───── Recorded data ─────

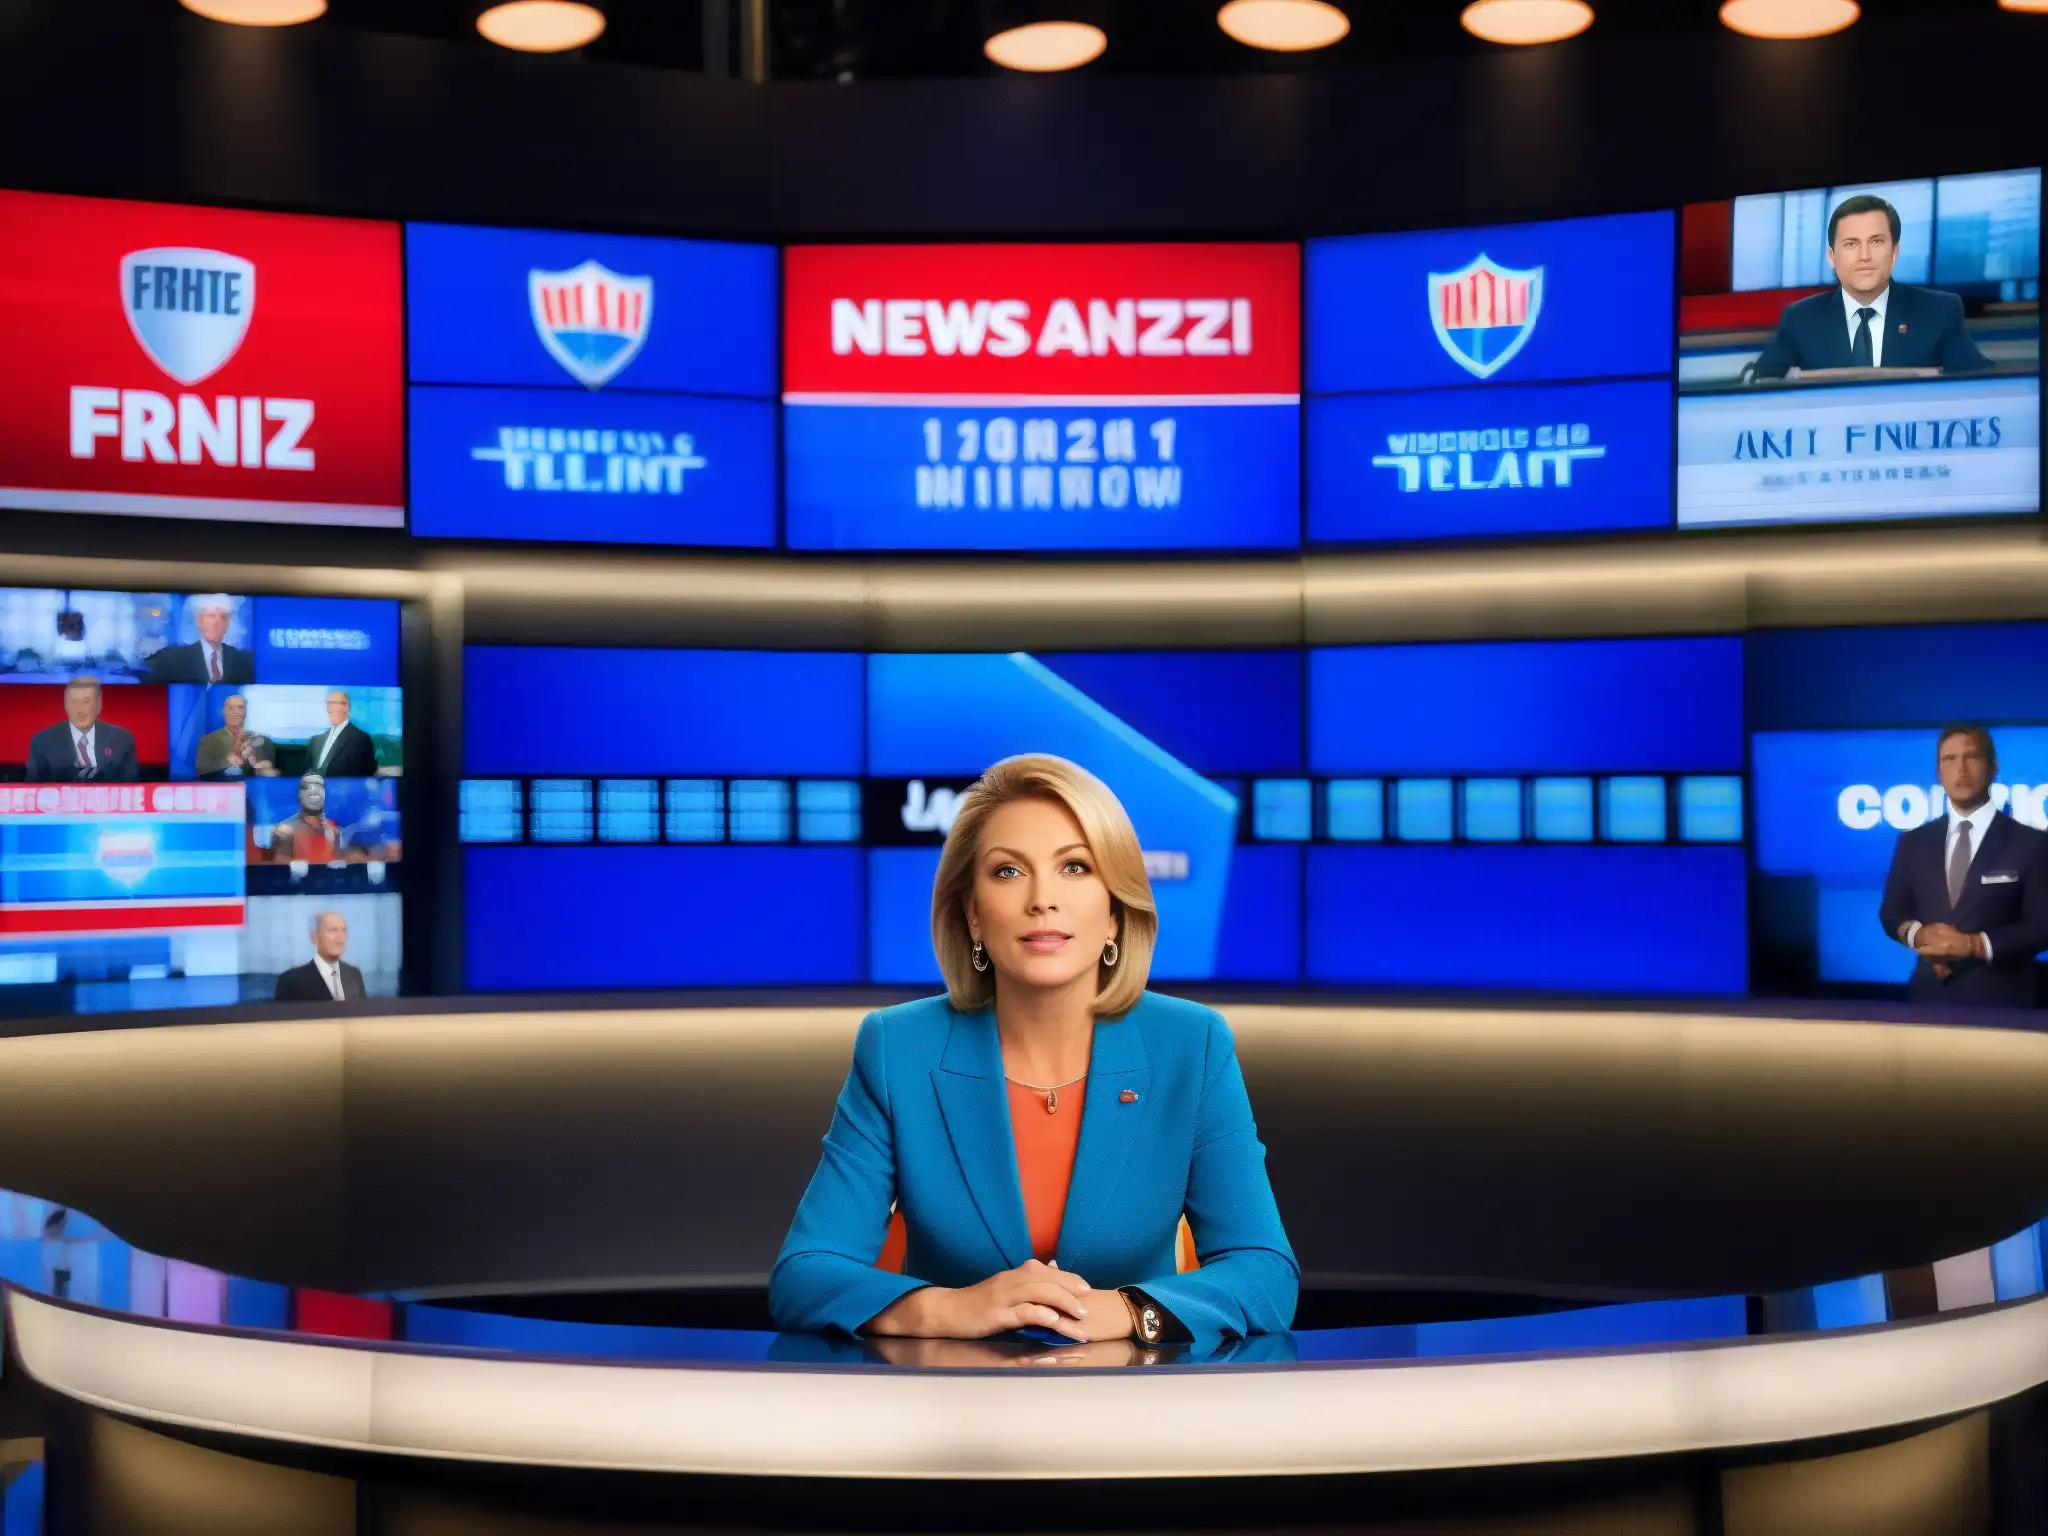 Un estudio de televisión con un presentador de noticias serio informando sobre una noticia de última hora
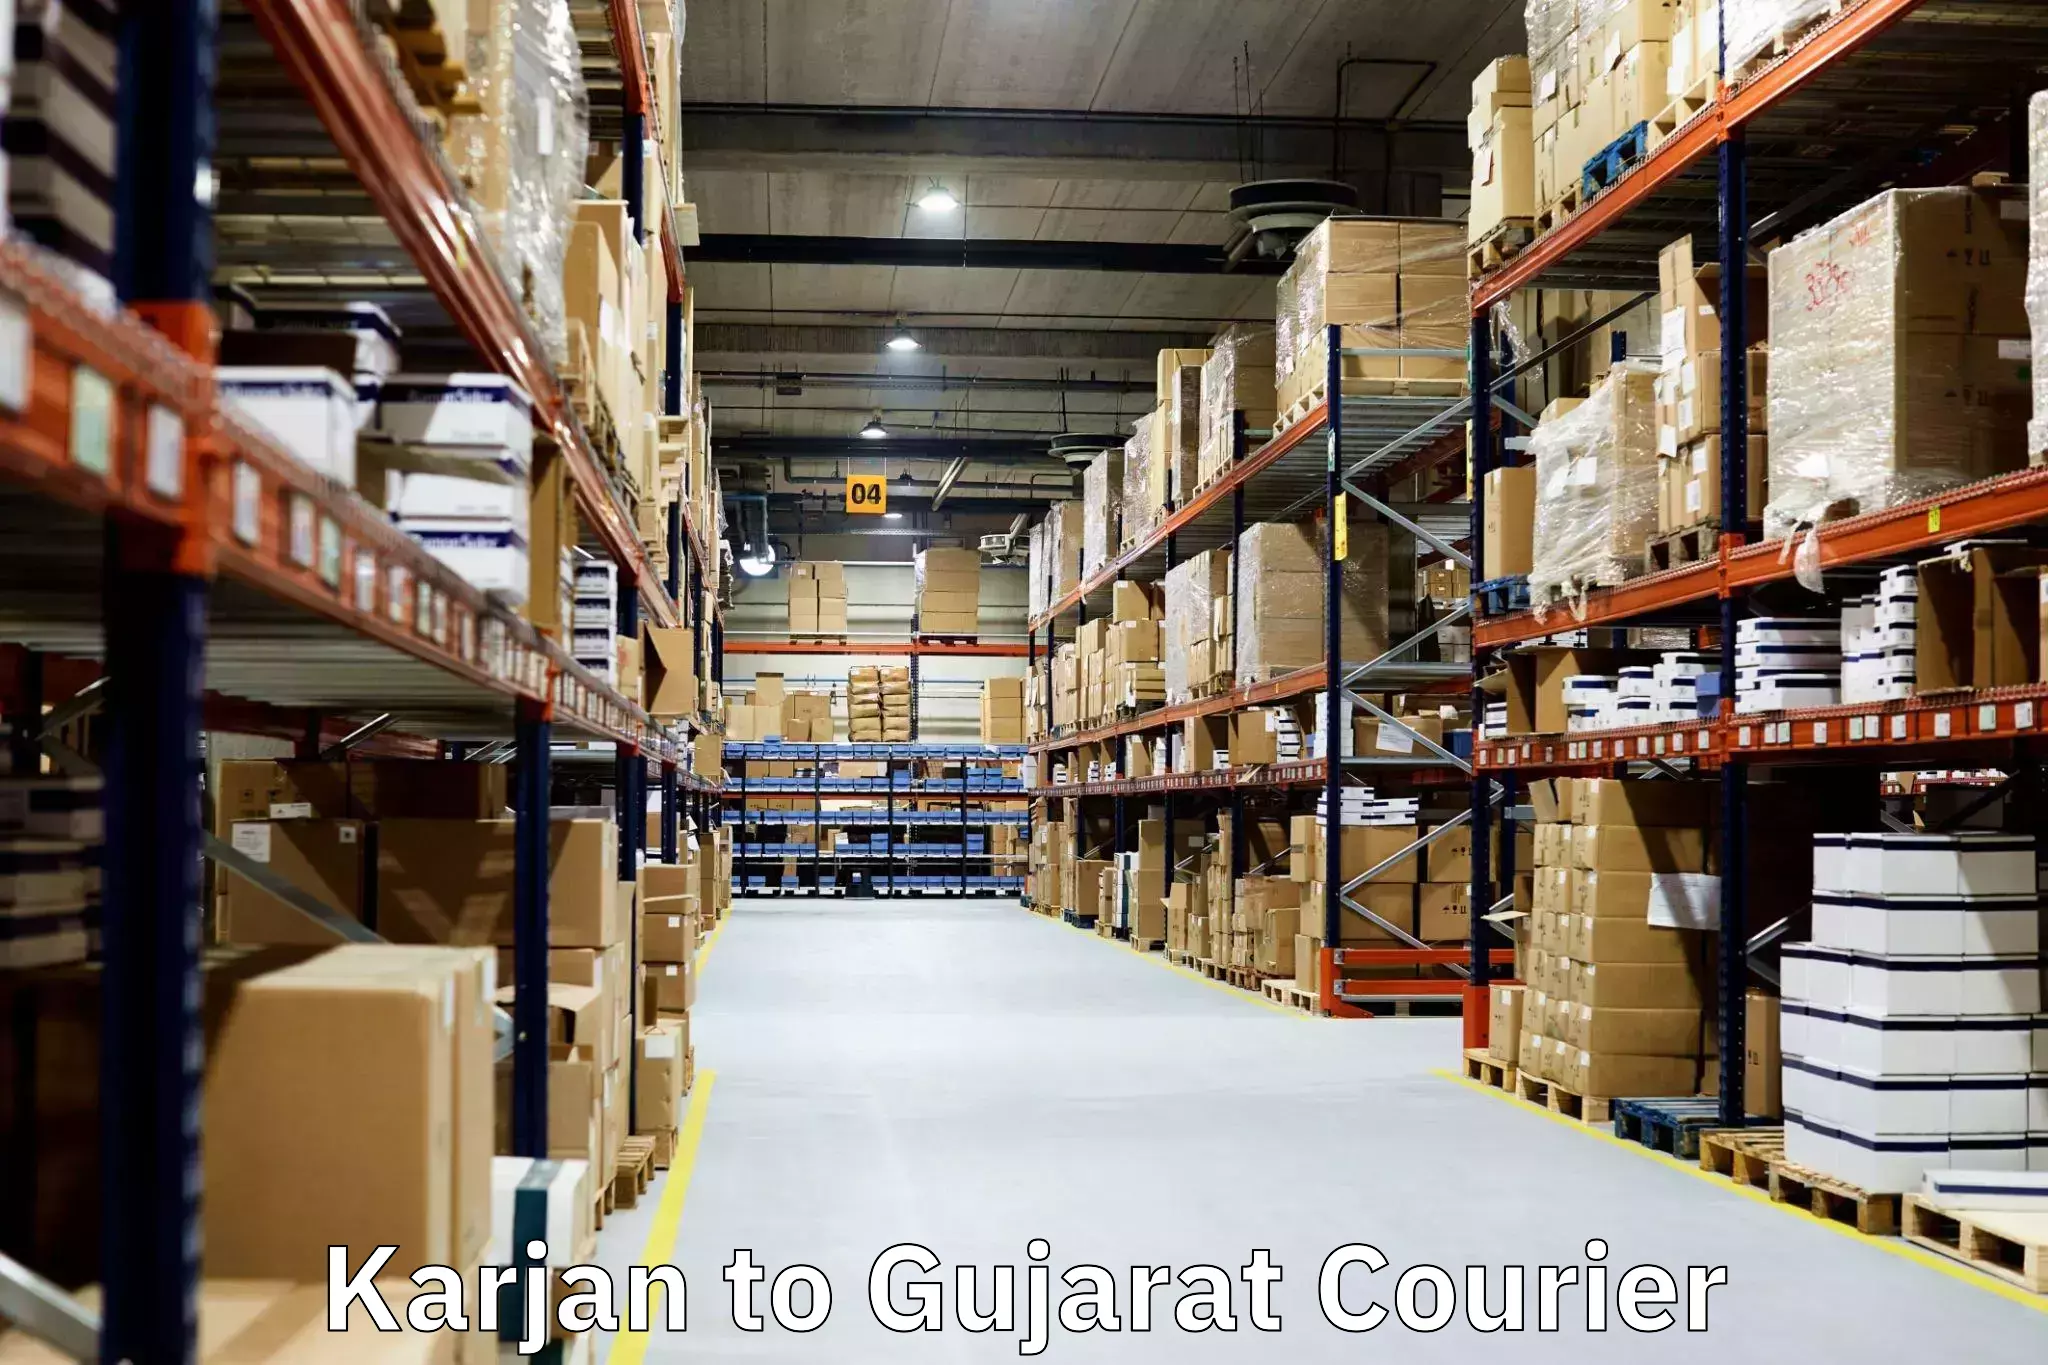 Professional packing services in Karjan to Karjan
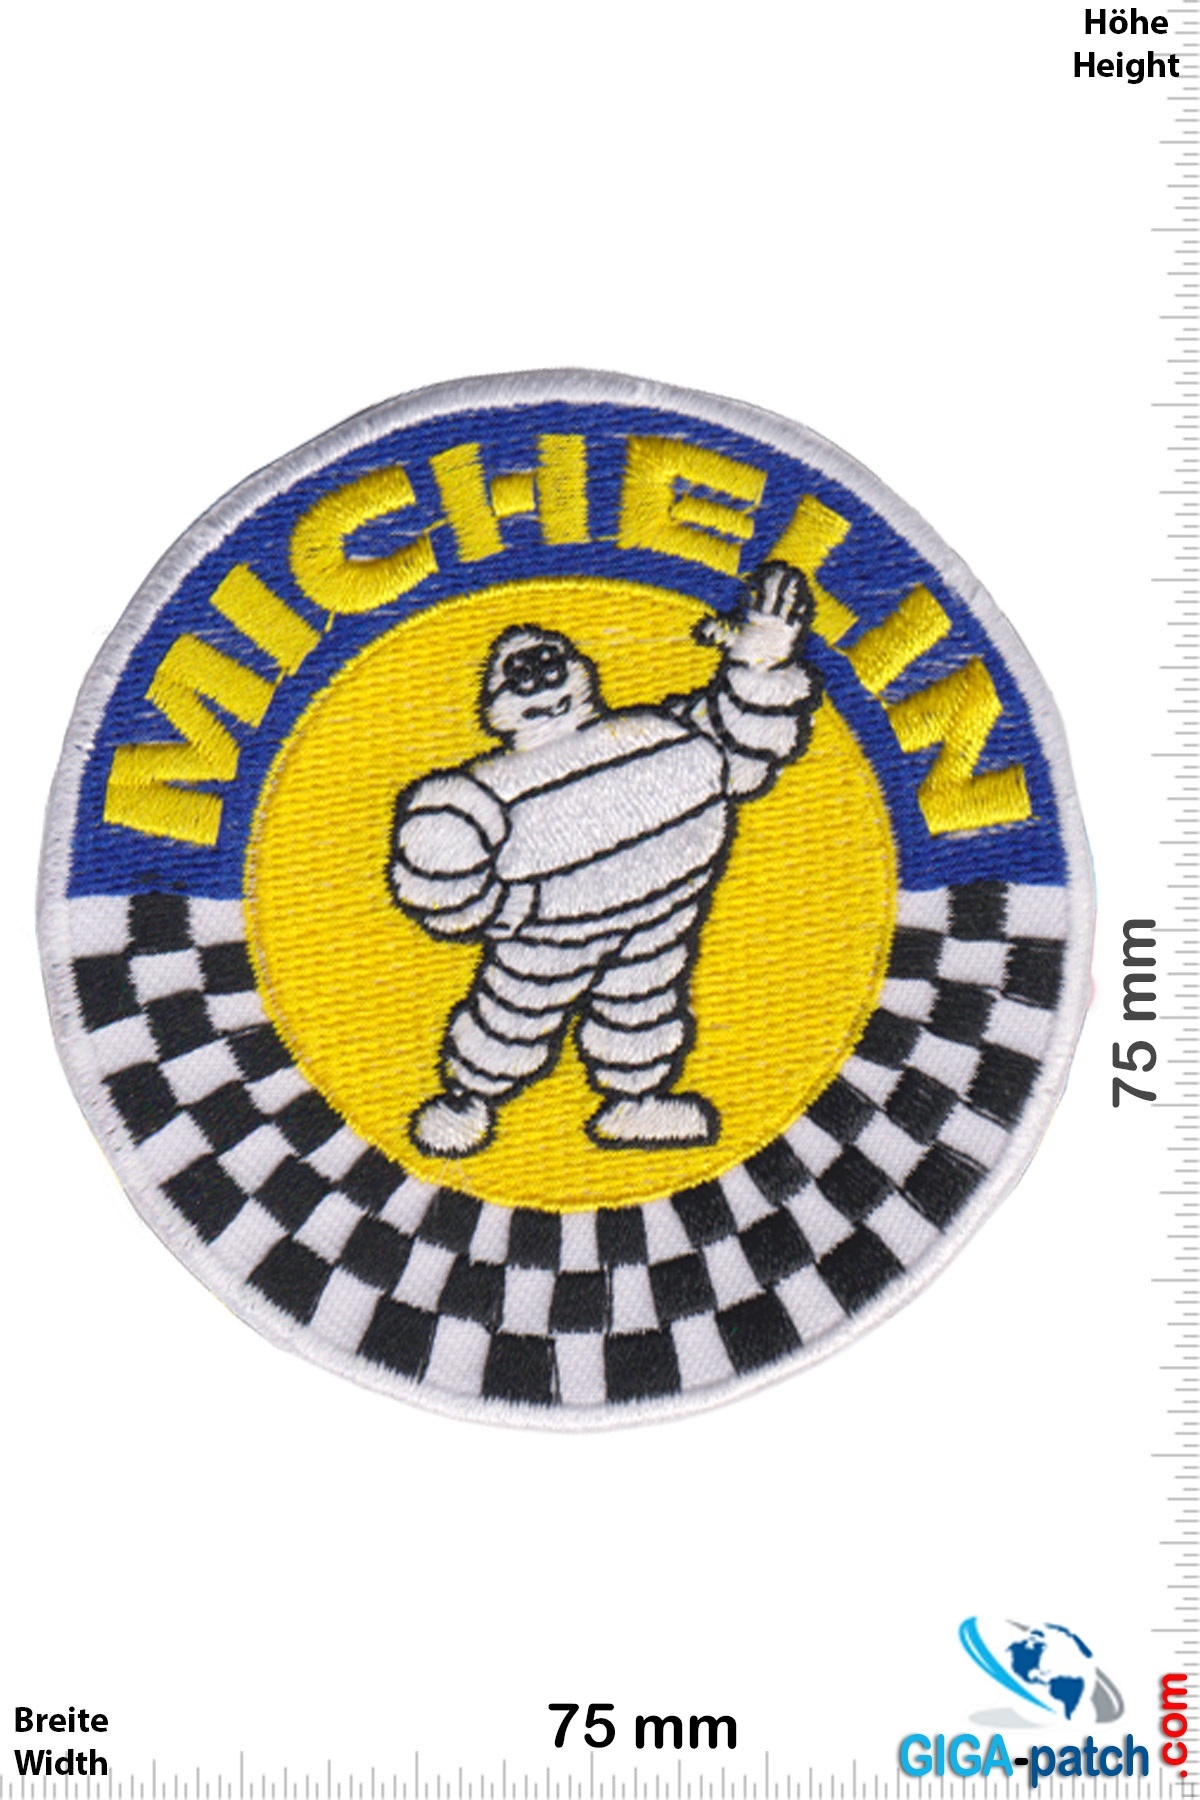 Michelin - Michelin Mann - Race- Patch- Aufnäher - Aufnäher Shop / Patch -  Shop - größter weltweit - Patch Aufnäher Schlüsselanhänger Aufkleber

─────

- Task statement -
The answer must be the full listing, word for word, with no images in it.

- Worked solution -
 Un estudio de televisión con un presentador de noticias serio informando sobre una noticia de última hora
 Professional packing services in Karjan to Karjan
 Michelin - Michelin Mann - Race- Patch- Aufnäher - Aufnäher Shop / Patch -  Shop - größter weltweit - Patch Aufnäher Schlüsselanhänger Aufkleber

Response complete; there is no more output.